Update. I cleaned and sanitized my glass carboy and used new sanitized tubes for transfer from brew kettle. Also fermenting in a different spot in the apartment. These are pictures from today, day 6 of primary. In my year of brewing, I have not seen had this happen at all. What is going on in there?

IMG_0757.jpg


image1.jpg
 
That could be normal yeast activity, but I agree that it's unusual looking. What's the recipe and yeast strain?

That looks a lot like wort proteins to me. They should be settled out in a matter of minutes after boiling though. I've never had them float up in clouds like that. What is the current temperature in the room you are fermenting in?

It could also be lactose curdle, cocoa powder clumps, or other adjunct/flavoring clumps if you put anything in there besides barley hops water and yeast.
 
Update. I cleaned and sanitized my glass carboy and used new sanitized tubes for transfer from brew kettle. Also fermenting in a different spot in the apartment. These are pictures from today, day 6 of primary. In my year of brewing, I have not seen had this happen at all. What is going on in there?

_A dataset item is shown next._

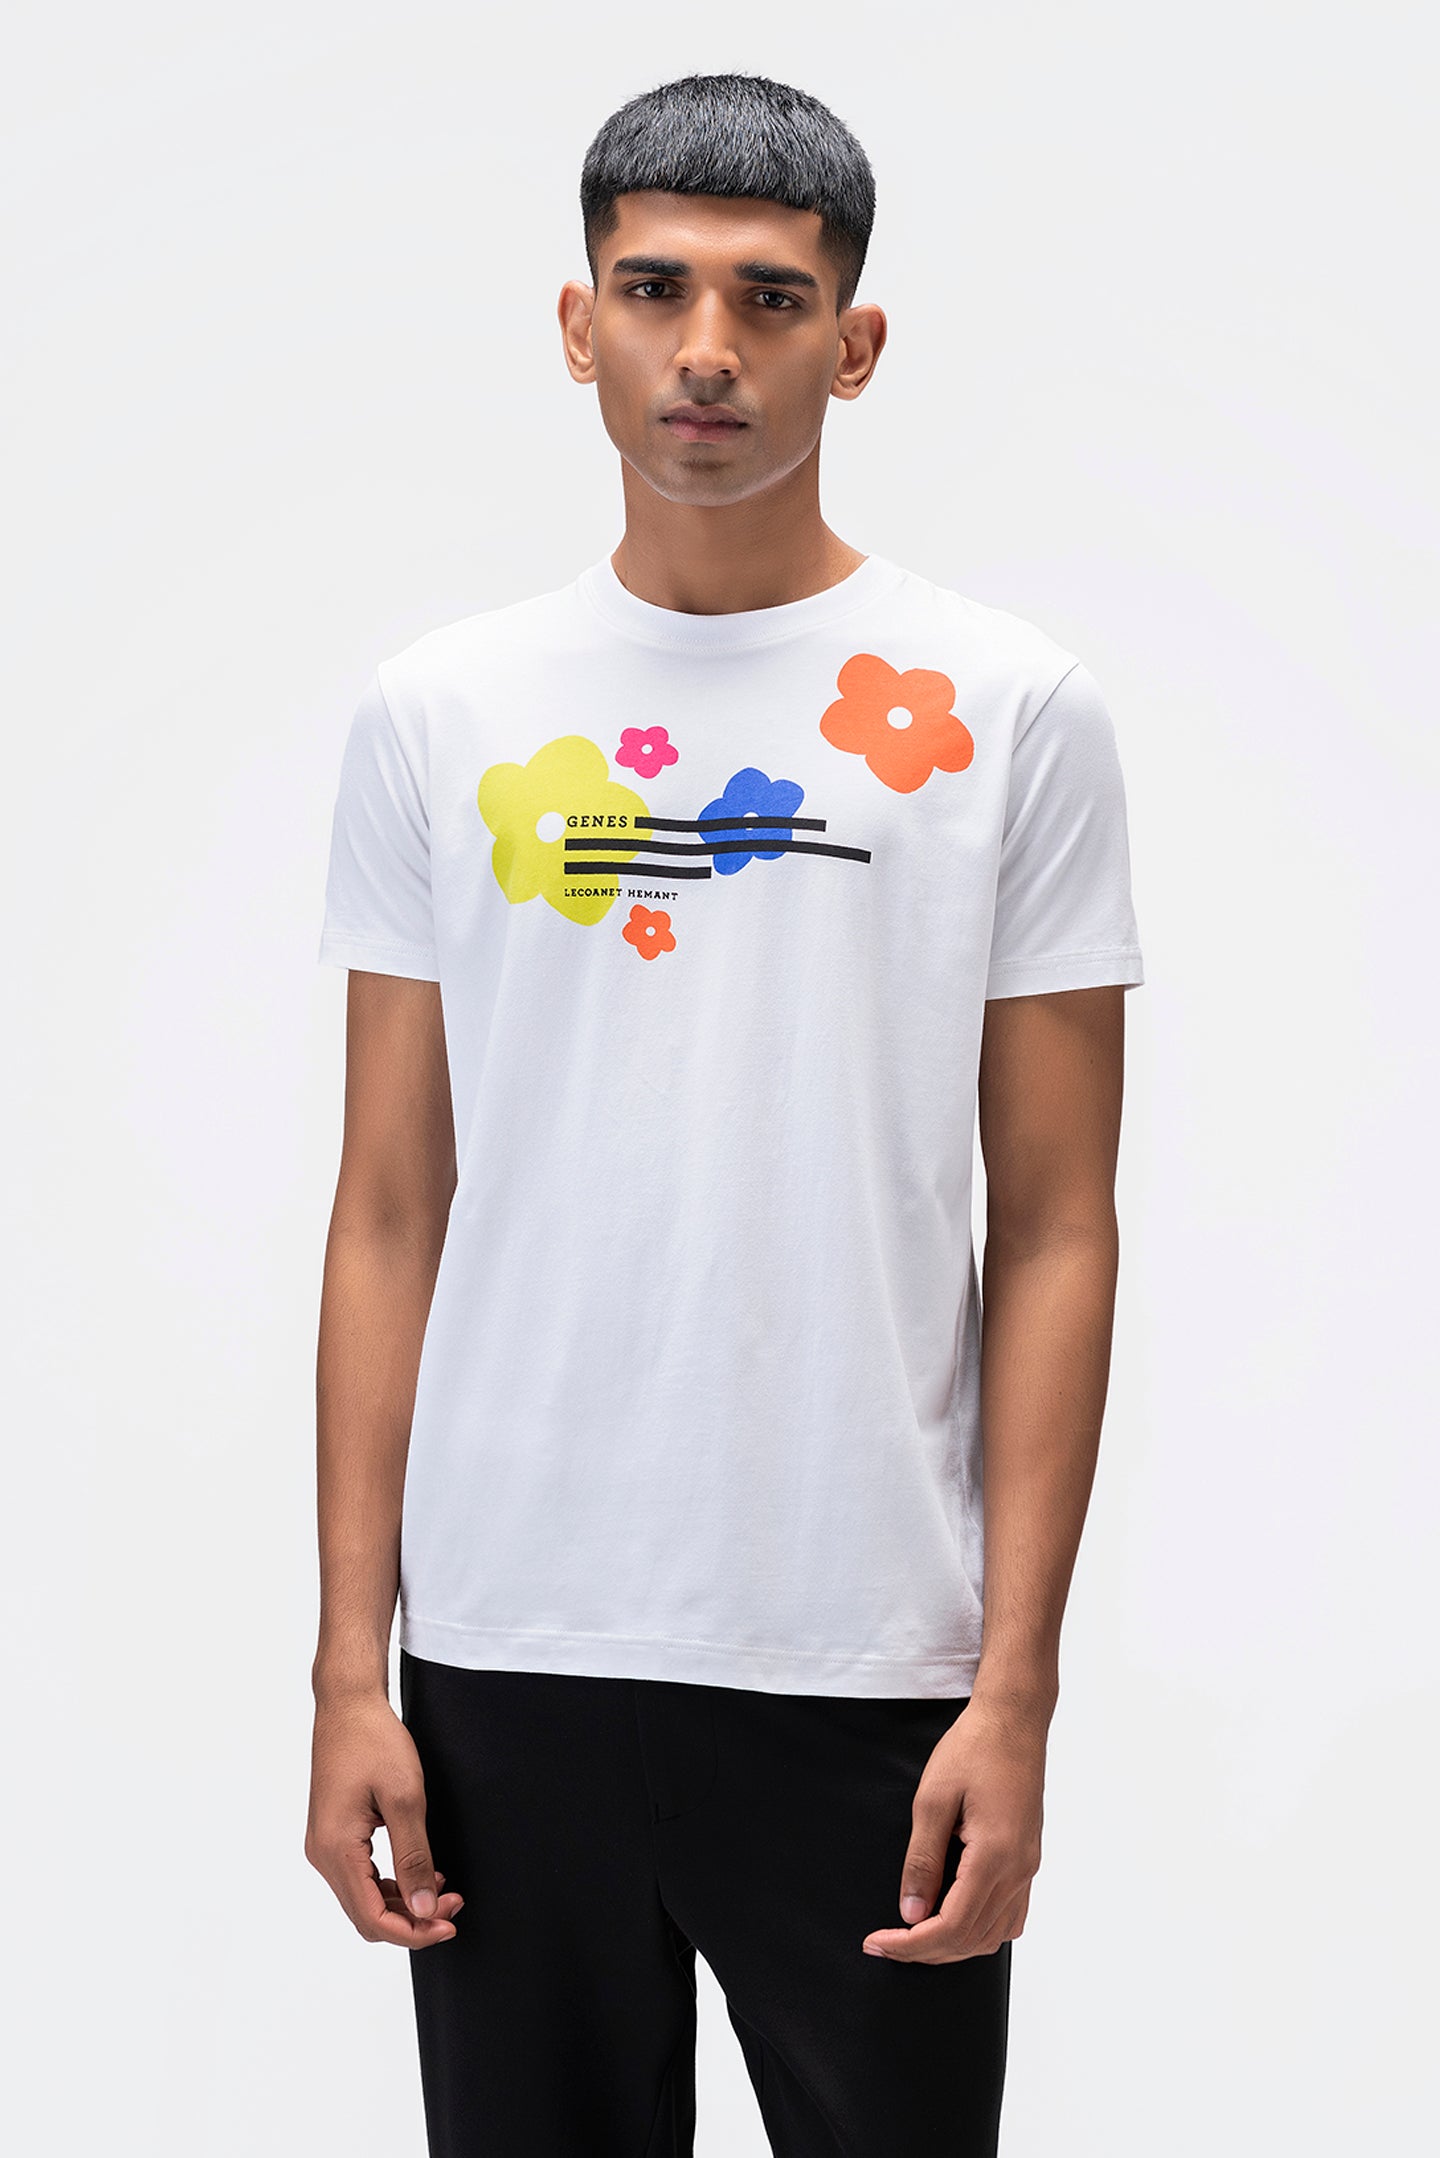 Multicolored Genes Florals Mens T-shirt

Hard to tell exactly from the picture, but there's a good chance those are just yeast rafts. It's day 6, was there any krausen that rose then fell?
 
Recipe is pretty simple: pale LME, biscuit, carabrown, hops and white labs California ale yeast

The Krausen looked pretty good on this one, had a typical rise and fall, then this stayed after it fell, hasn't done this before. Temp may be a little cooler than usual but not lower than 65
 
Recipe is pretty simple: pale LME, biscuit, carabrown, hops and white labs California ale yeast

The Krausen looked pretty good on this one, had a typical rise and fall, then this stayed after it fell, hasn't done this before. Temp may be a little cooler than usual but not lower than 65

Oh yeah, then I agree with m00ps, it's probably just yeasty islands, I bet they sink if you gently swirl the fermenter
 
I'm mildly curious after reading this entire thread. So you're using your tap water from the sounds of it? I'm curious more on the smell aspect, does it have a sour swimming pool chlorine sour smell? If no then disregard. But if yes, if your new place is in a new water District and they process the water with chlorine and chloramines then that could be playing a part. Just a thought. My reef tank has helped me in understanding the water chemistry aspect so I'm pretty anal about water. For instance our city uses both and the water tastes eh to drink and tastes like crap to cook with. Maybe try bottled water on your next go round?